2013 saw a huge increase in texting while driving tickets in New York State. There has been a contemporaneous increase in enforcement and the penalties for this traffic infraction since the law was first instituted in 2009. This past year, there were 82% more tickets issued in New York City, and an 89% increase in the counties outside of the City. In almost half of New York’s 62 counties, (26), texting tickets more than doubled. Statewide, police wrote approximately 55,000 texting while driving tickets in 2013, compared with 30,000 in 2012.
In specific counties, Westchester County police issued 2,000 texting infractions last year, which was the most other than Suffolk County outside of New York City. Monroe County came in 3rd at almost 2,000, which was 77% more than 2012, and in fourth place was Erie County. In Dutchess County, the number of texting tickets increased more than 50% from 419 to 854 from 2012 to 2013, and in Rockland County, the increase was even greater, jumping from 193 in 2012 to 494 in 2013. In order to assist in enforcement, police are utilizing taller SUV’s and watching traffic from higher vantage points so that they can look down on drivers who they suspect of texting.
Interestingly, as texting tickets have soared, the number of tickets written for using a cellphone while driving has decreased in each of the last five years. In 2009, police issued 342,000 hand held cellphone tickets, and that number was at 207,000 in 2013, reduced from 217,000 the year before.
Since 2009, when the law first went into effect, the penalties for texting infractions were much less stringent. To begin with, texting while driving was a “secondary offense”, which meant to charge an operator with the offense, the police had to determine that he or she had committed another infraction such as speeding or following too closely. In 2011, the law was amended by the New York State legislature to change texting while driving to a primary offense, and the points imposed were increased from 2 to 3. In 2013, the fines were increased, and the points increased to five.
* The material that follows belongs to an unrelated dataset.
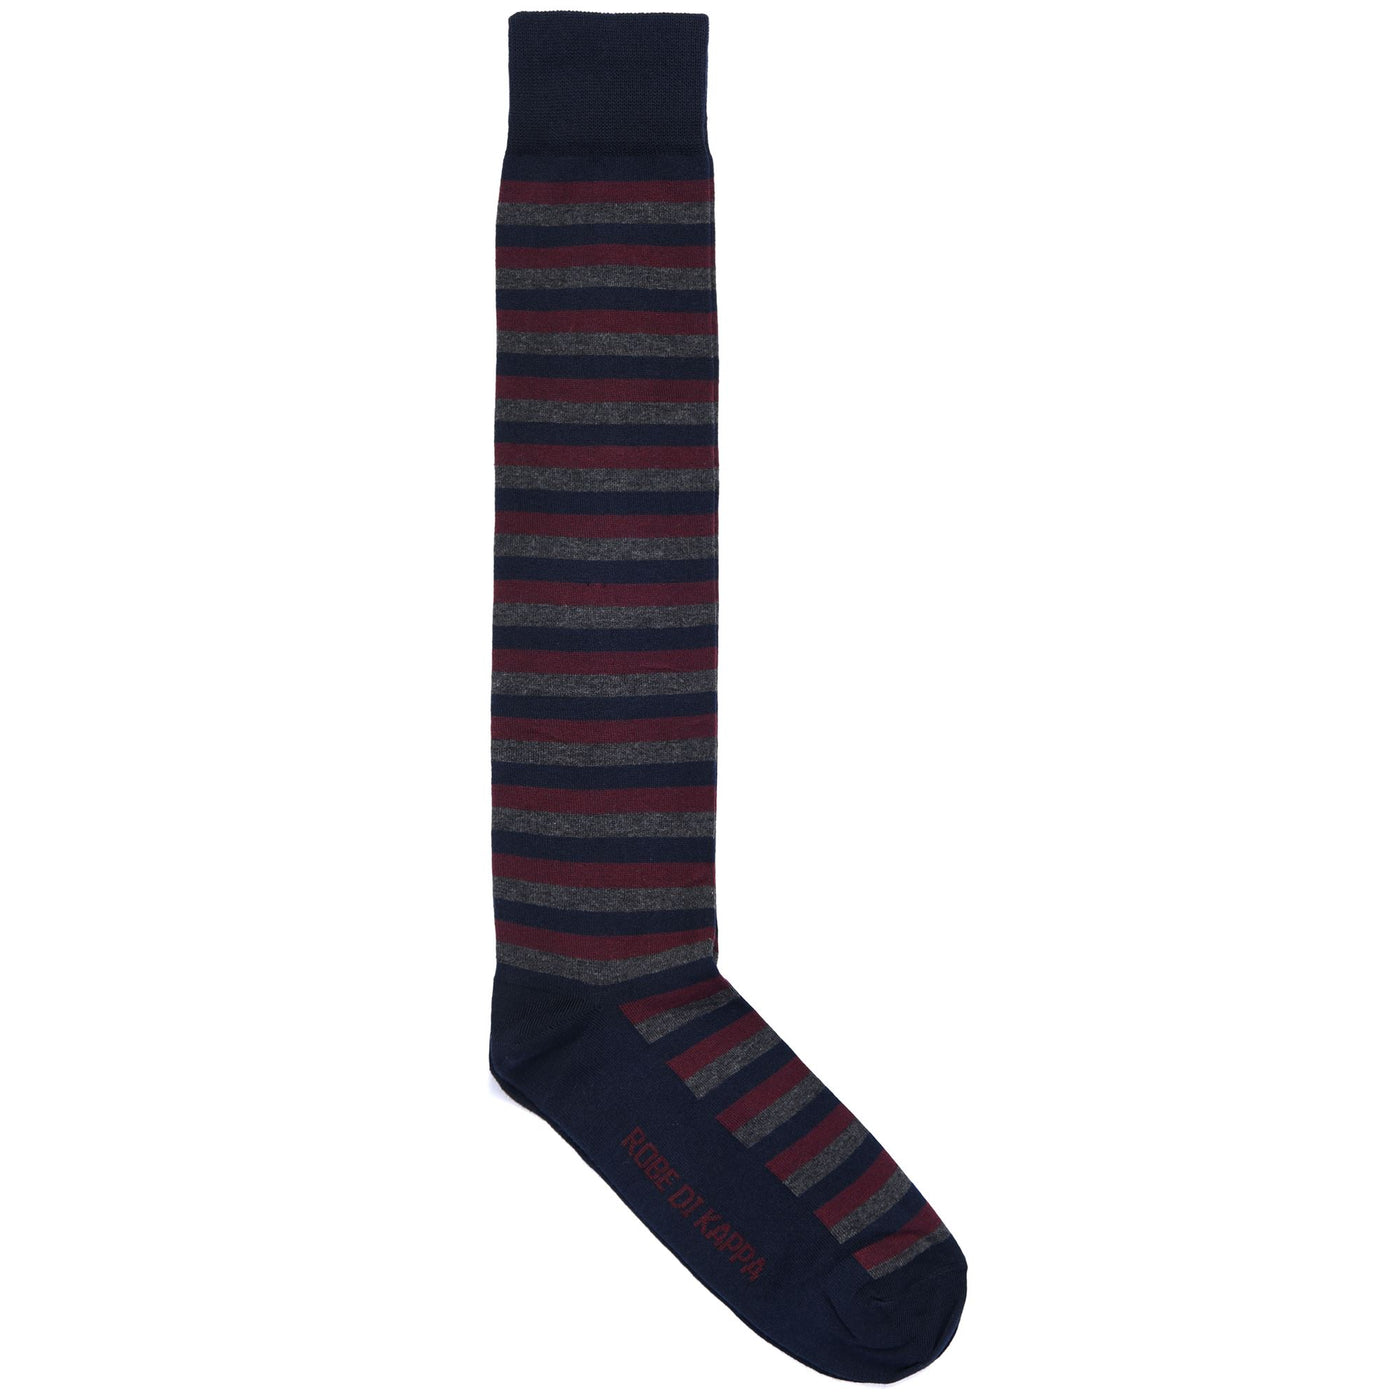 Socks Man AIDAN Knee High Sock Blue Navy-Red Dahlia-Grey Charcoal striped | robedikappa Photo (jpg Rgb)

According to the New York State Department of Motor Vehicles, the conviction rate for texting offenses in 2012 was 66%, and the conviction rate for handheld cellphone usage was 73%. The Cohen’s Children’s Center on Long Island reported last spring that more than 3,000 teenage drivers are killed each year as a result of testing while driving. Due to the epidemic of texting while driving, particularly with younger drivers, Governor Cuomo is proposing that drivers under the age of 21 lose their licenses for one year (presently it is six months) if they are convicted of texting while driving. If that proposal is implemented by the NYS legislature, New York would have the strongest texting while driving penalties in the United States.
Contact the Westchester County Traffic Ticket Lawyers at the Law Office of Mark A. Siesel online or toll free at (914) 428-7386 if you are charged with a traffic infraction or crime for a free consultation to discuss your case in detail.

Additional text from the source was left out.